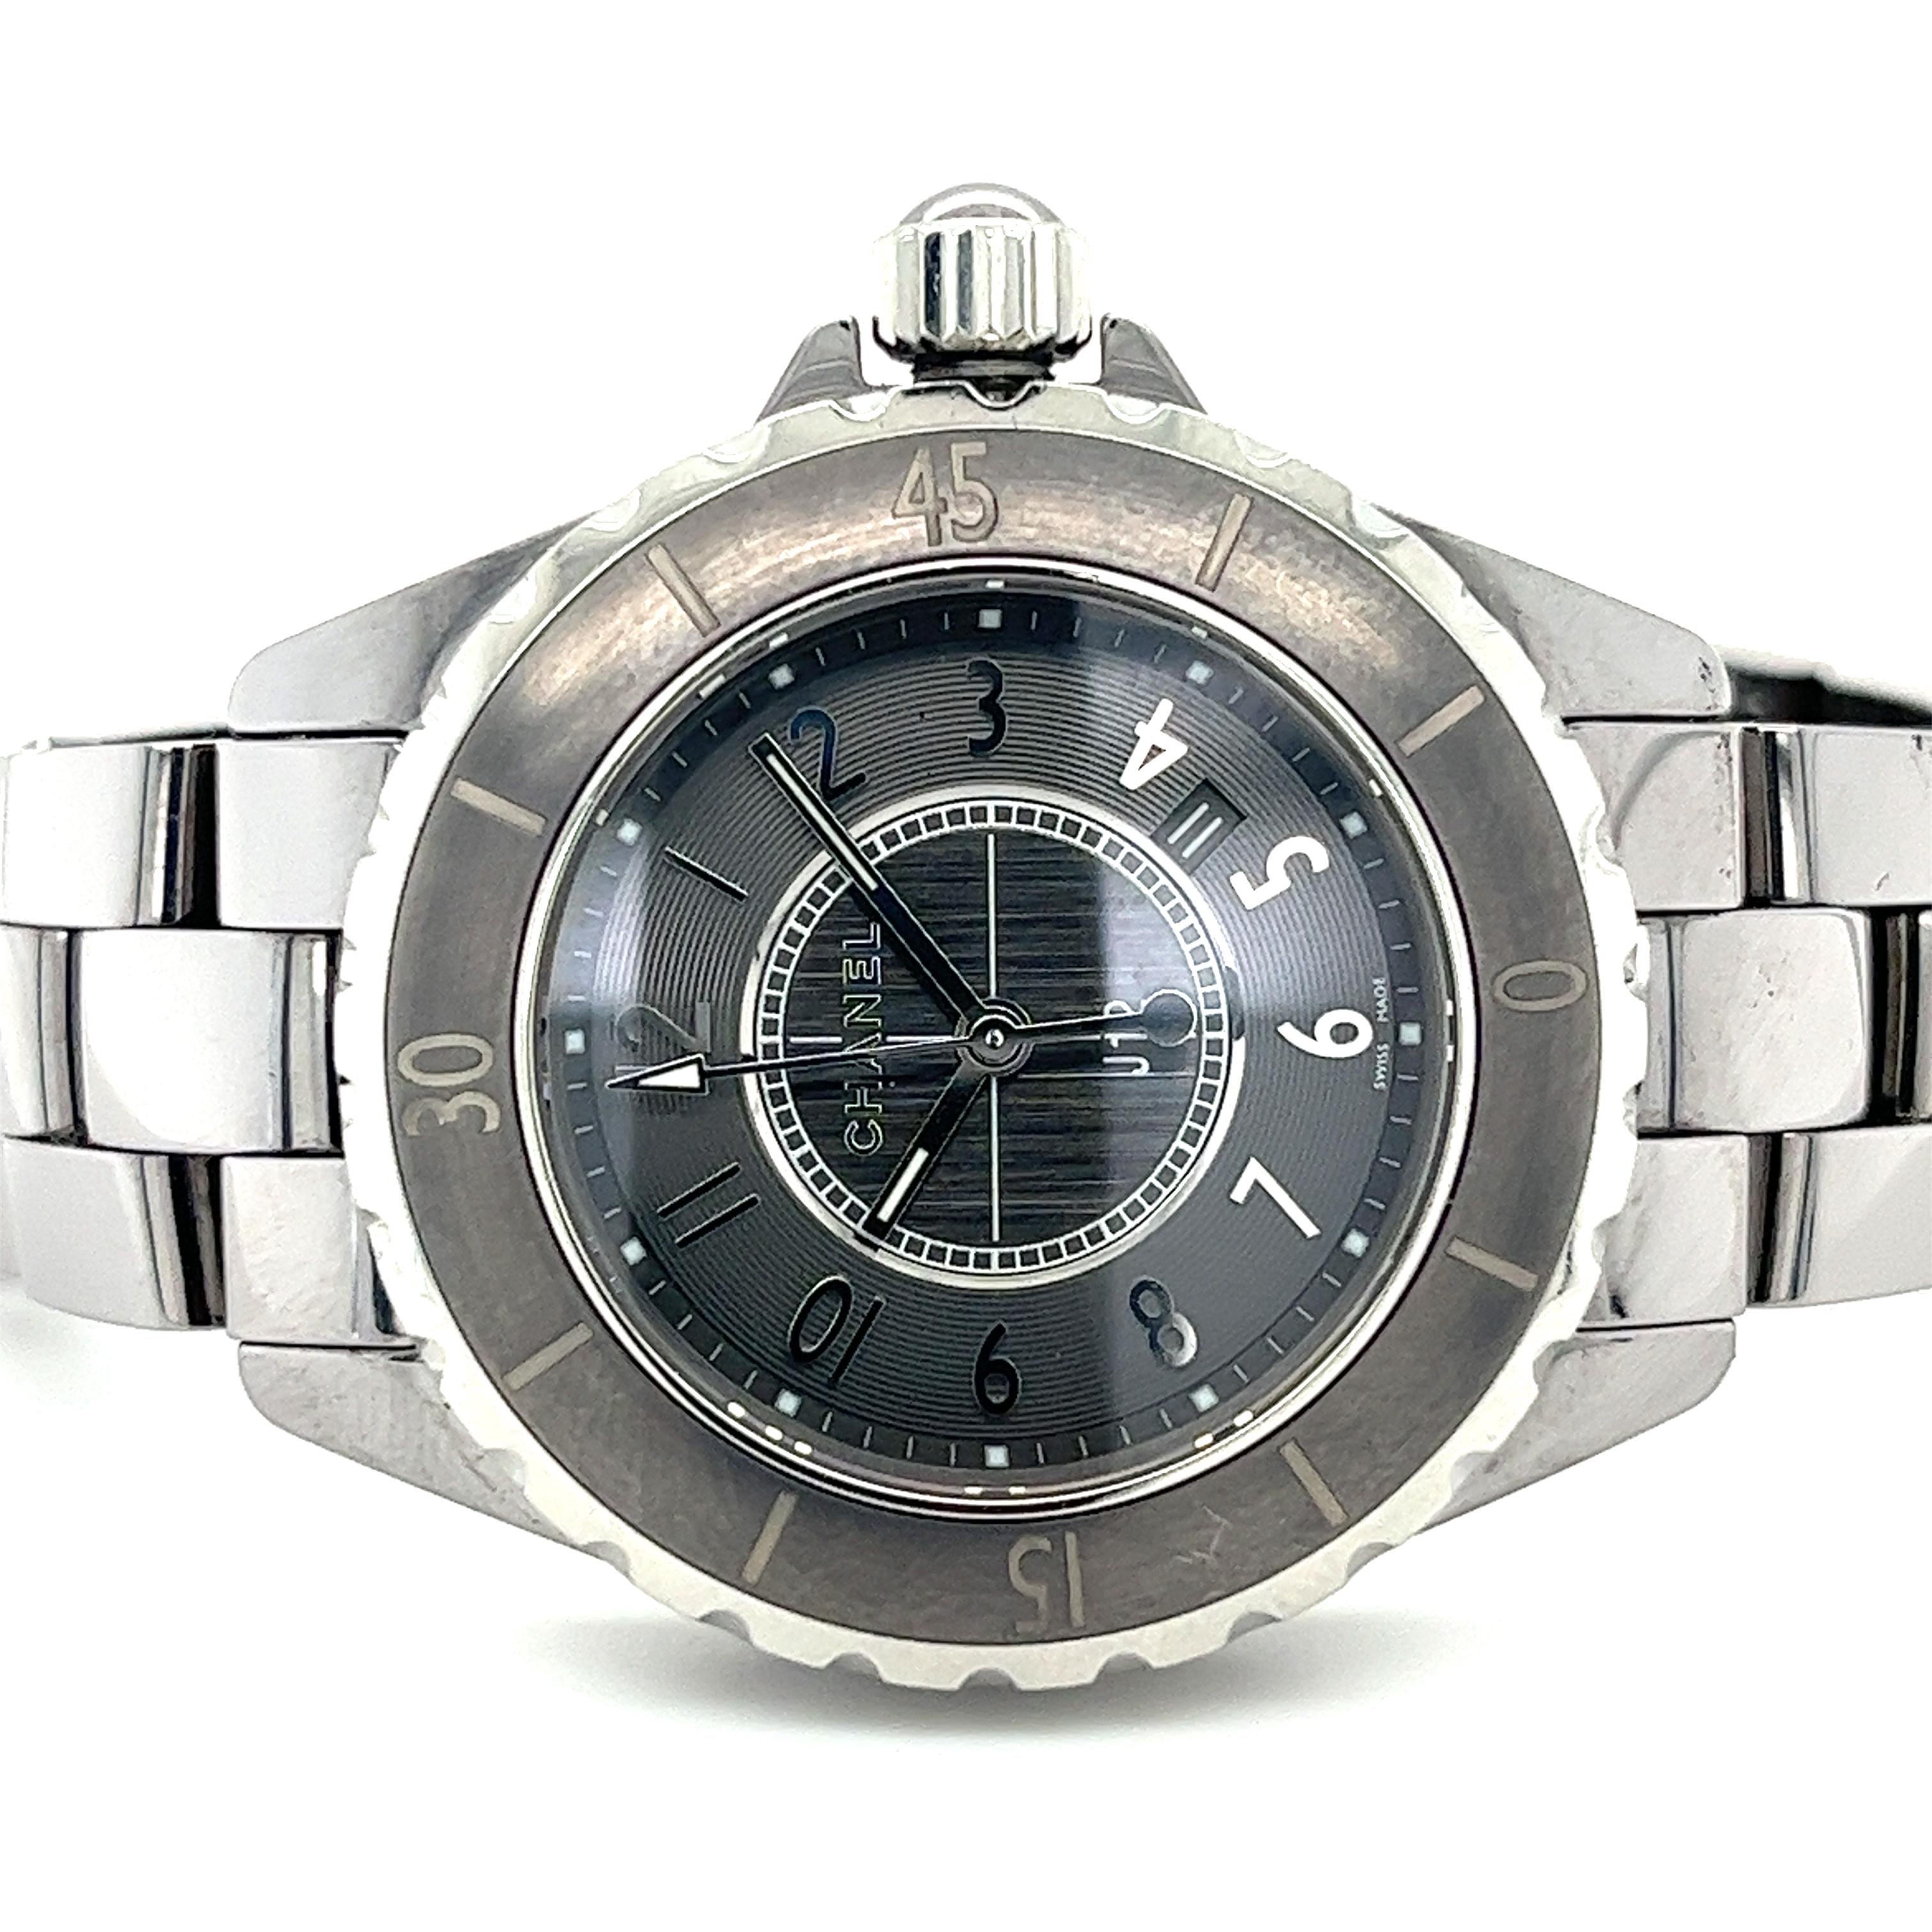 Chanel J12 Quartz Black Ceramic And Stainless Steel 33mm Ladies Wrist Watch with original Chanel watch box. Quartz movement.

- Brand: Chanel
- Gender: Ladies - Model: J12
- Model Number: H0682
- Swiss Made
- Movement: Quartz
- Case Diameter: 33

• Task goal: The whole listing above, line by line, needs to be copied exactly, except for any images.

• Solution below:
 Chanel J12 Quartz Black Ceramic And Stainless Steel 33mm Ladies Wrist Watch with original Chanel watch box. Quartz movement.

- Brand: Chanel
- Gender: Ladies - Model: J12
- Model Number: H0682
- Swiss Made
- Movement: Quartz
- Case Diameter: 33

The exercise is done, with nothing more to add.